According to the scheme, the transmission system is a double-shaft piston mechanism and comprises a crank eccentric shaft, a needle bearing, a needle roller slide block, a frame structure and two single-rod piston support rods, wherein the output end of the crank eccentric shaft is connected with a motor rotor of a rotary swing motor, the crank eccentric shaft is matched with the needle bearing, the needle bearing is connected with the needle roller slide block, the needle roller slide block is slidably arranged on a needle roller bearing retainer, and the needle roller bearing retainer is arranged on the frame structure; the frame structure is slidably mounted on the inner wall of the cylinder body fixing connecting piece, the two piston push plates are respectively connected with two ends of the two piston connecting plates, and the two piston connecting plates and the two piston push plates are enclosed to form a sliding frame structure; two single-rod piston support rods are symmetrically arranged at two ends of the frame structure, one end of each single-rod piston support rod is connected with the frame structure, and the other end of each single-rod piston support rod extends into the cylinder body and is connected with the piston head.
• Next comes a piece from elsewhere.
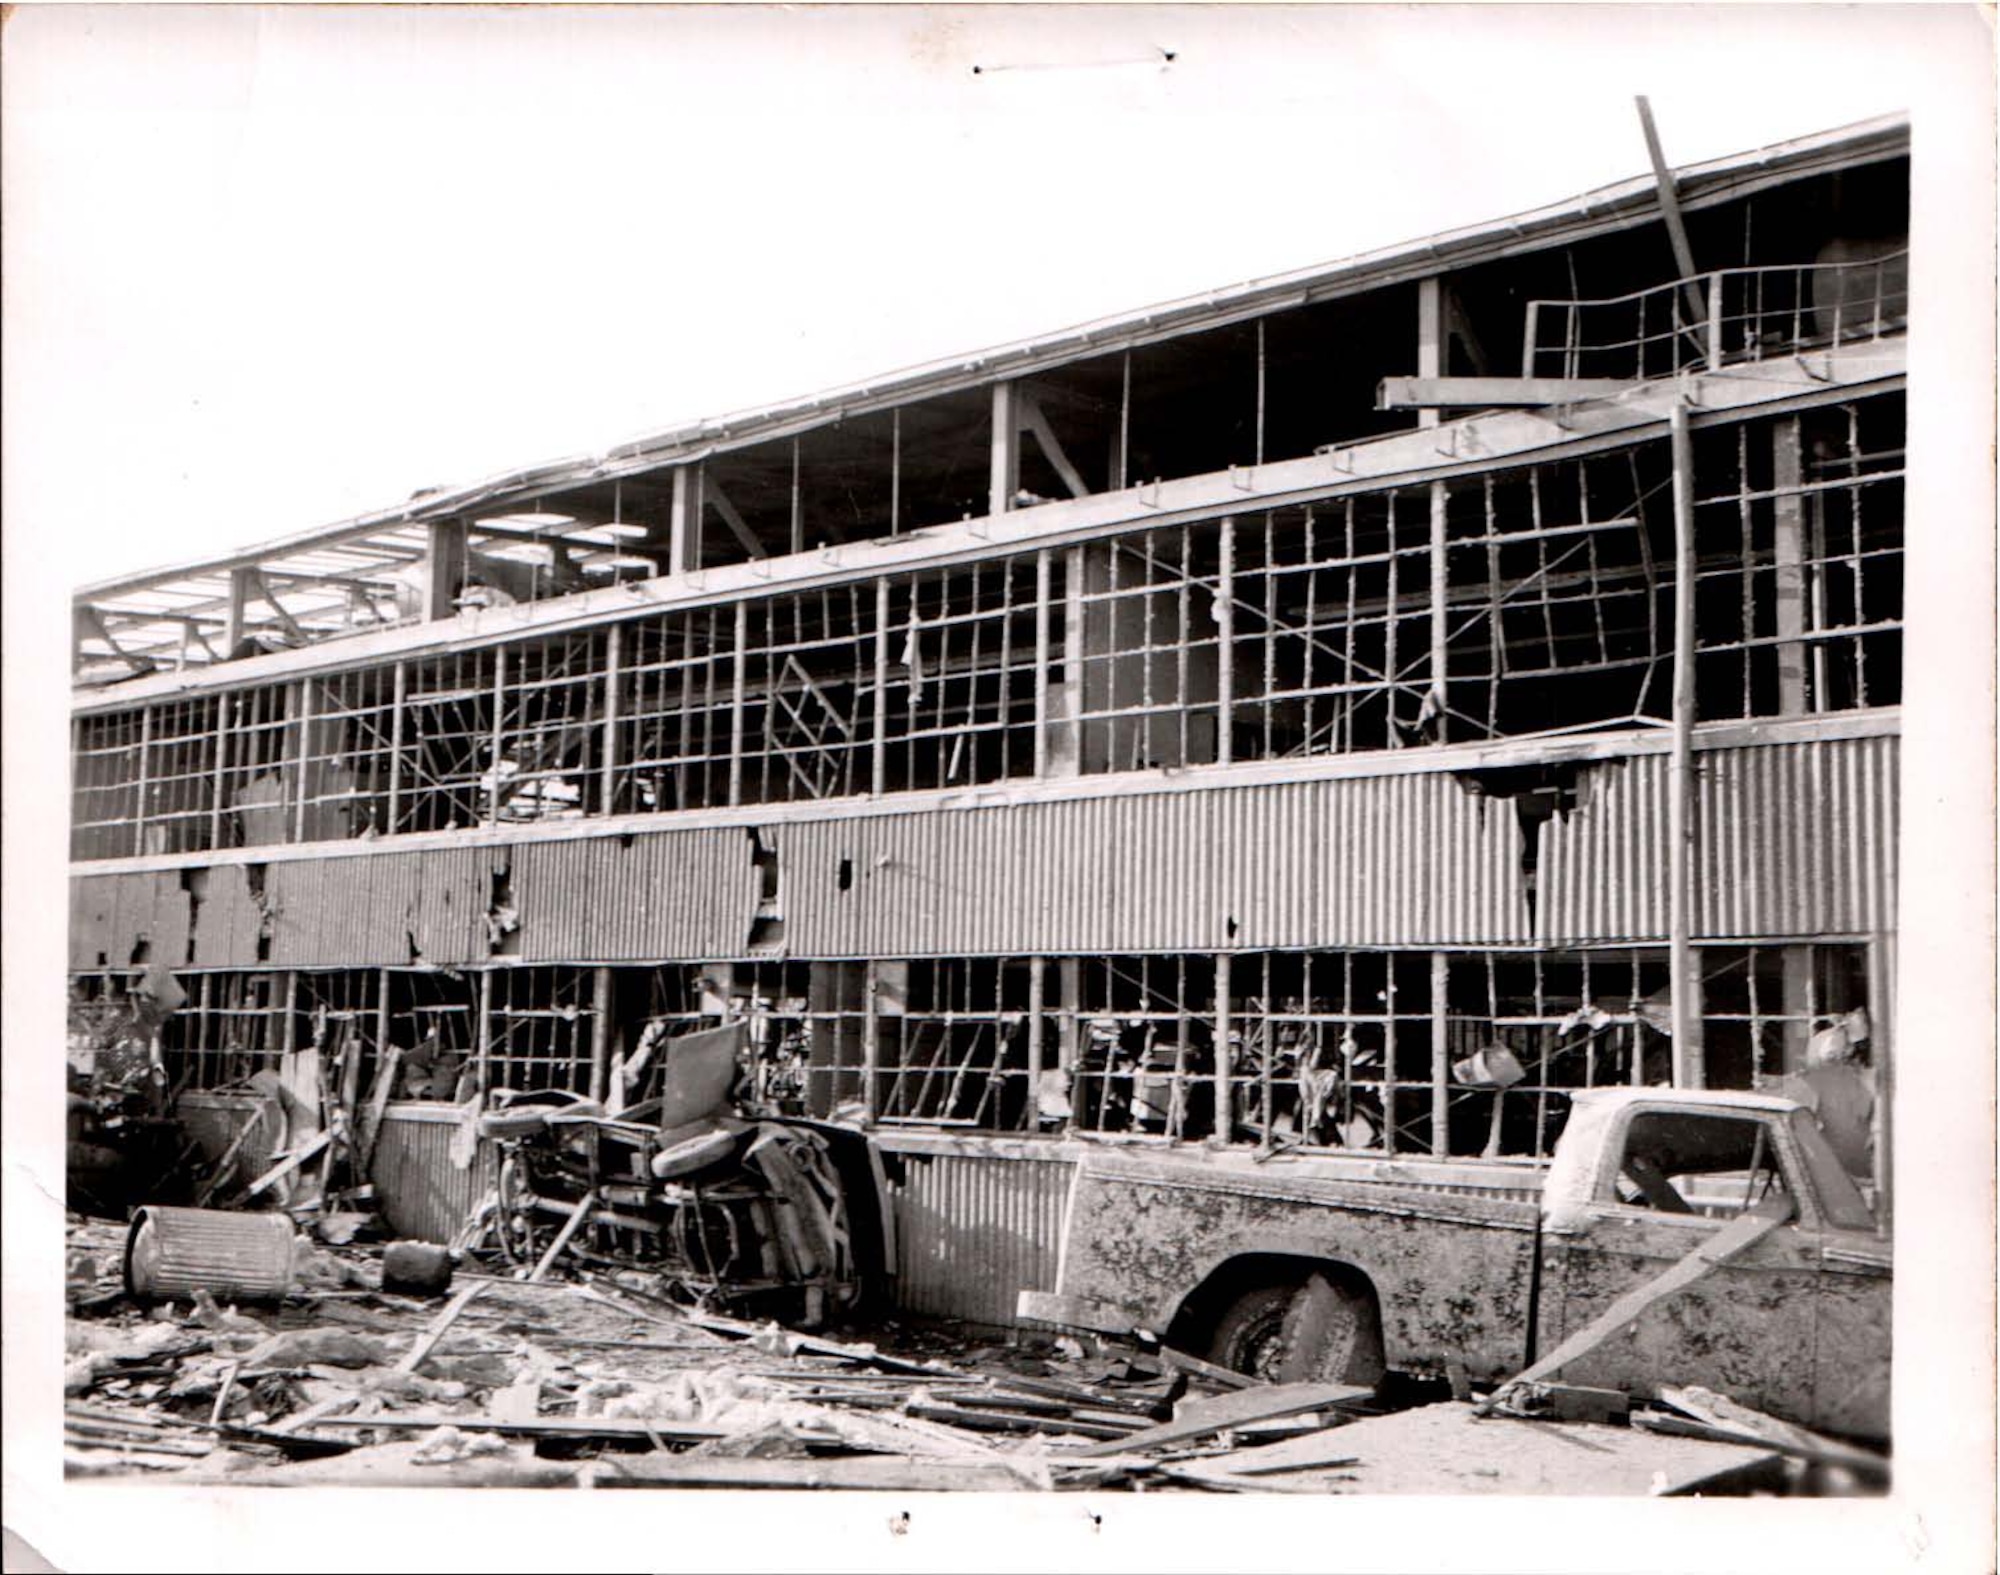 A tornado hit Sheppard in 1964, damaging the base and its facilities. Tornadoes have been known to lift up entire houses and produce winds up to 300 mph. (Courtesy Photo)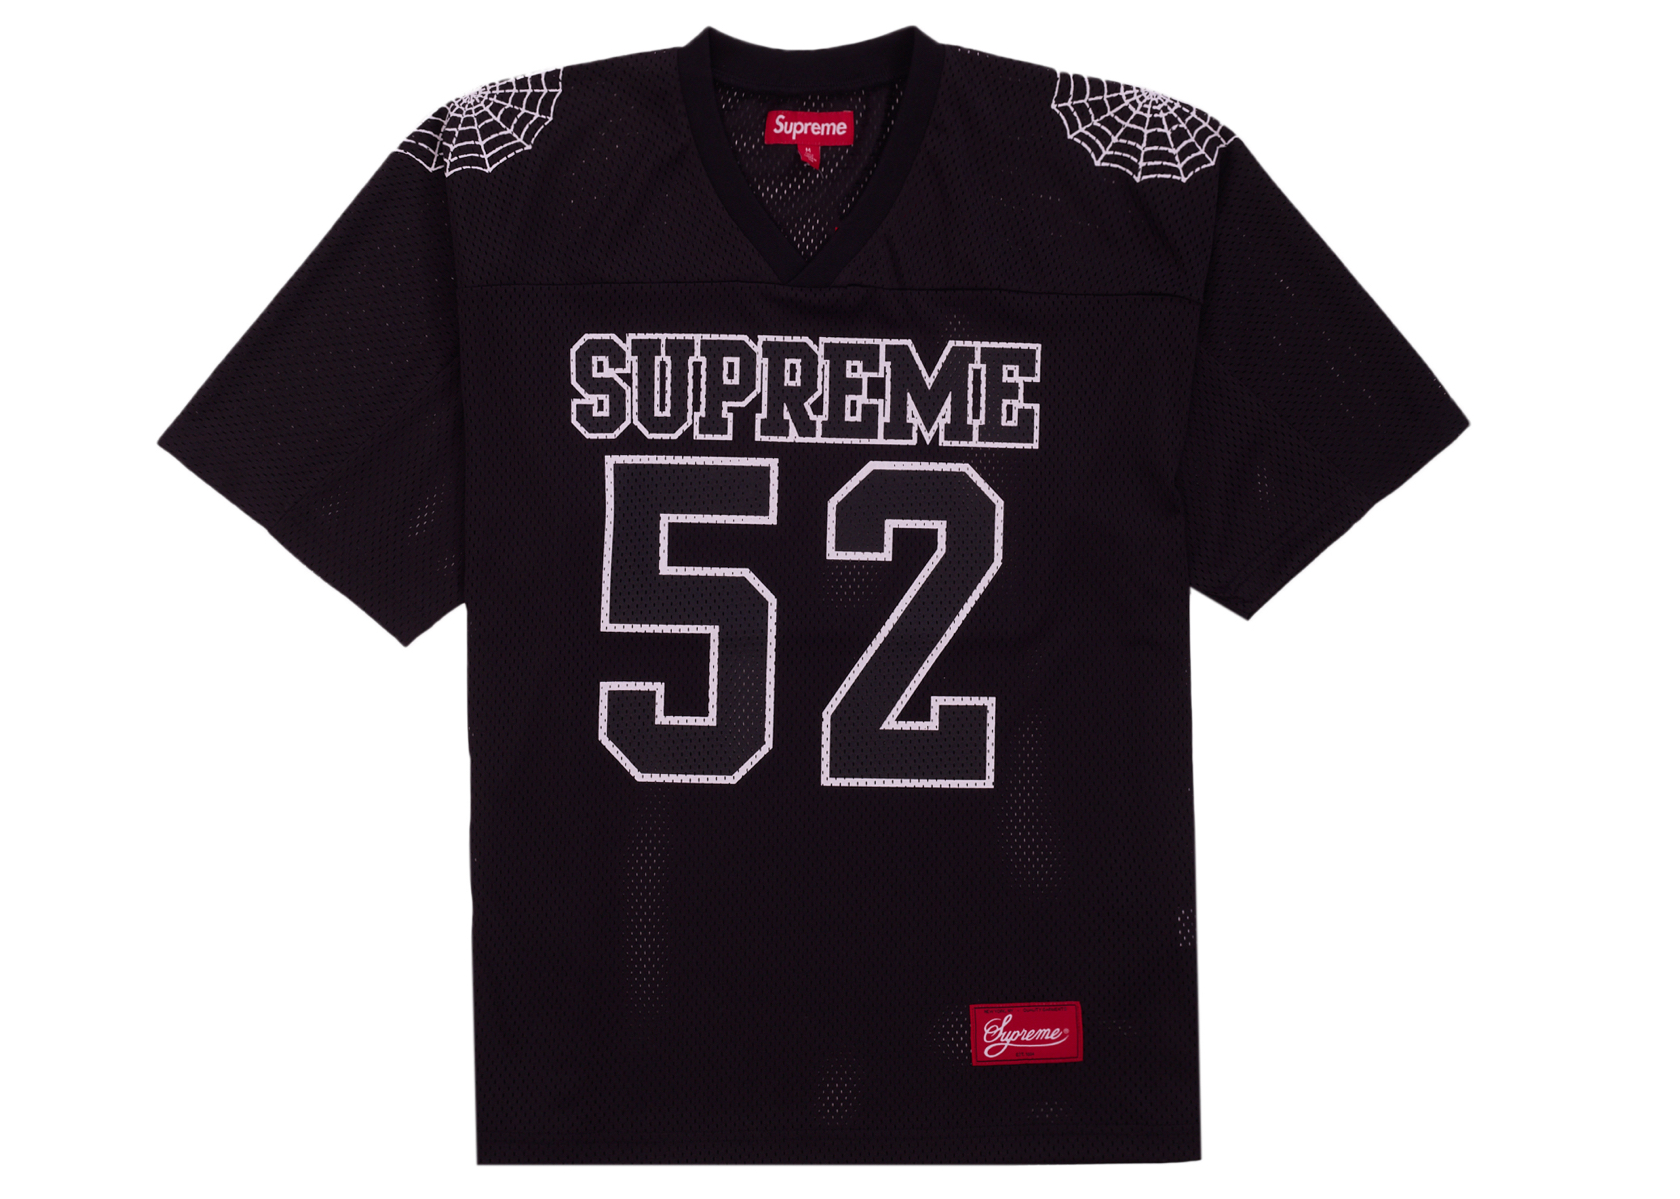 Supreme Championships Embroidered Football Jersey Black Men's ...

According to the scheme, the frame structure comprises two piston connecting plates and two piston push plates, the two piston connecting plates are respectively connected to the inner wall of the cylinder body fixing connecting piece in a sliding mode, the two piston push plates are respectively connected with two ends of the two piston connecting plates, and the two piston connecting plates and the two piston push plates are enclosed to form a sliding type frame structure; and a needle bearing retainer is arranged on the inner side wall of the frame structure.

According to the scheme, the closed end of the cylinder body is a single-rod air inlet valve seat, a plurality of air holes which can be communicated with the outside are formed in the single-rod air inlet valve seat at intervals, and the air holes are matched with a single-rod valve sheet arranged inside the single-rod air inlet valve seat; when the pressure of the inner cavity is reduced, the single-rod valve plate is opened, and air enters the inner cavity from the air hole.

According to the scheme, the piston head is provided with a one-way piston valve which is communicated with the inner cavity and the outer cavity; when the inner chamber pressure decreases, inner chamber air is drawn into the outer chamber via the one-way piston valve.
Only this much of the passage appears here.